Work item
In the listing below, the answer starts at the line that has "1921 Beardmore Eleven - Stock Image" and stops after the line that has "Alternate Image 2"; please repeat that part exactly and nothing more.

Information shown
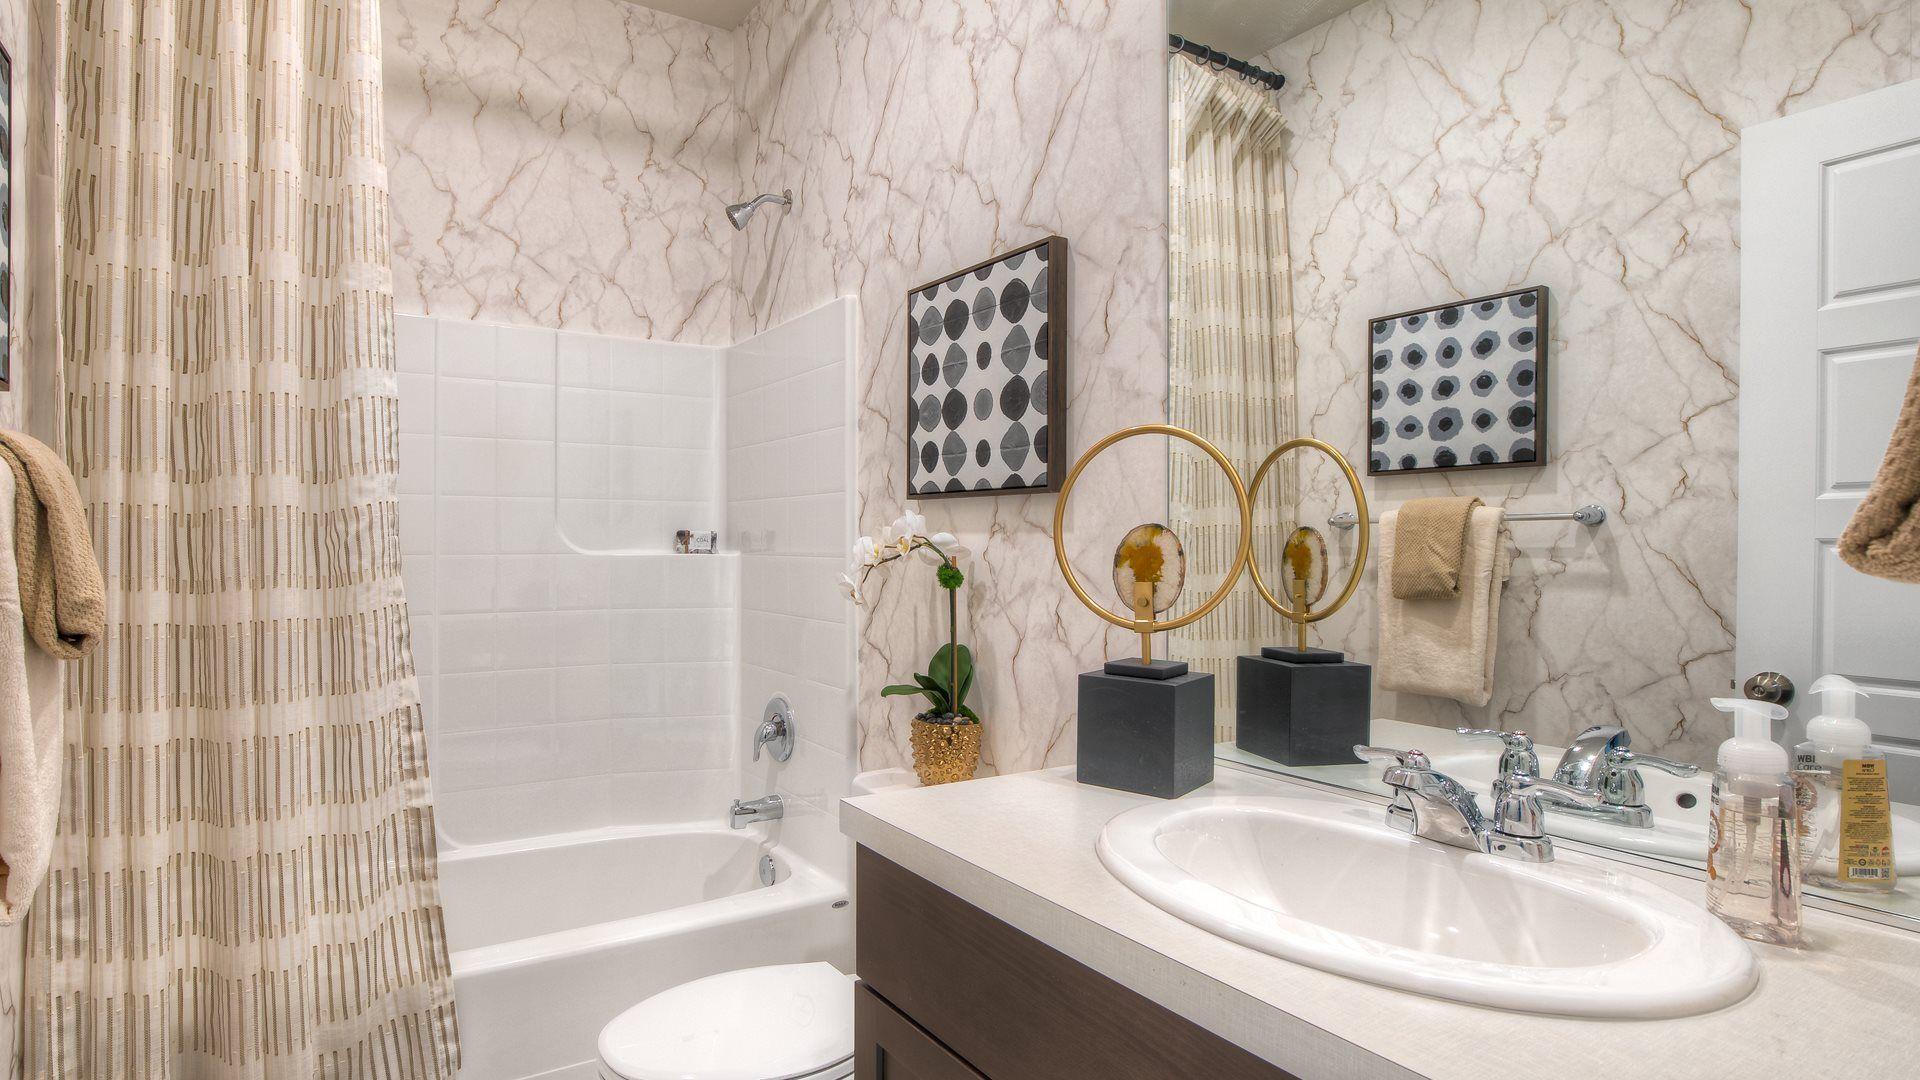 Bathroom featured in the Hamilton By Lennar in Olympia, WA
...
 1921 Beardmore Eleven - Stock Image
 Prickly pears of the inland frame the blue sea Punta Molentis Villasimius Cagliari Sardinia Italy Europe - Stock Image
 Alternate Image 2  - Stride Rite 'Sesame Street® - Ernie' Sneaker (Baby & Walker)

Exercise output
 1921 Beardmore Eleven - Stock Image
 Prickly pears of the inland frame the blue sea Punta Molentis Villasimius Cagliari Sardinia Italy Europe - Stock Image
 Alternate Image 2  - Stride Rite 'Sesame Street® - Ernie' Sneaker (Baby & Walker)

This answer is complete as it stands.